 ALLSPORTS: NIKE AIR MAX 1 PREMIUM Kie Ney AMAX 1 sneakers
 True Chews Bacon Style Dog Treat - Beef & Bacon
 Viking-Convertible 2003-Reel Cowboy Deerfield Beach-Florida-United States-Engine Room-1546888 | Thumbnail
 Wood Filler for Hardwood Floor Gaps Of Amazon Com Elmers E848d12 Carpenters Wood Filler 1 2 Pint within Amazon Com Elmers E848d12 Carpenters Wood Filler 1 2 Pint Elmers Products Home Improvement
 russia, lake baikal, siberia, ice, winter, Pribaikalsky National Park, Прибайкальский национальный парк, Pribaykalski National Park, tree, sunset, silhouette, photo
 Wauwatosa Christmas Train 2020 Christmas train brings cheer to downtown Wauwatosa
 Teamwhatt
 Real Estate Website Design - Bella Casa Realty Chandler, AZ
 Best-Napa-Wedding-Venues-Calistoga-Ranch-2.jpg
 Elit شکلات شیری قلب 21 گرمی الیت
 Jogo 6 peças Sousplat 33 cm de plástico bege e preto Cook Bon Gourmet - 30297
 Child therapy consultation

***

Retype, exactly and only, the lines running from the one with "True Chews Bacon" through the final line of the listing above.

• Solution below:
 True Chews Bacon Style Dog Treat - Beef & Bacon
 Viking-Convertible 2003-Reel Cowboy Deerfield Beach-Florida-United States-Engine Room-1546888 | Thumbnail
 Wood Filler for Hardwood Floor Gaps Of Amazon Com Elmers E848d12 Carpenters Wood Filler 1 2 Pint within Amazon Com Elmers E848d12 Carpenters Wood Filler 1 2 Pint Elmers Products Home Improvement
 russia, lake baikal, siberia, ice, winter, Pribaikalsky National Park, Прибайкальский национальный парк, Pribaykalski National Park, tree, sunset, silhouette, photo
 Wauwatosa Christmas Train 2020 Christmas train brings cheer to downtown Wauwatosa
 Teamwhatt
 Real Estate Website Design - Bella Casa Realty Chandler, AZ
 Best-Napa-Wedding-Venues-Calistoga-Ranch-2.jpg
 Elit شکلات شیری قلب 21 گرمی الیت
 Jogo 6 peças Sousplat 33 cm de plástico bege e preto Cook Bon Gourmet - 30297
 Child therapy consultation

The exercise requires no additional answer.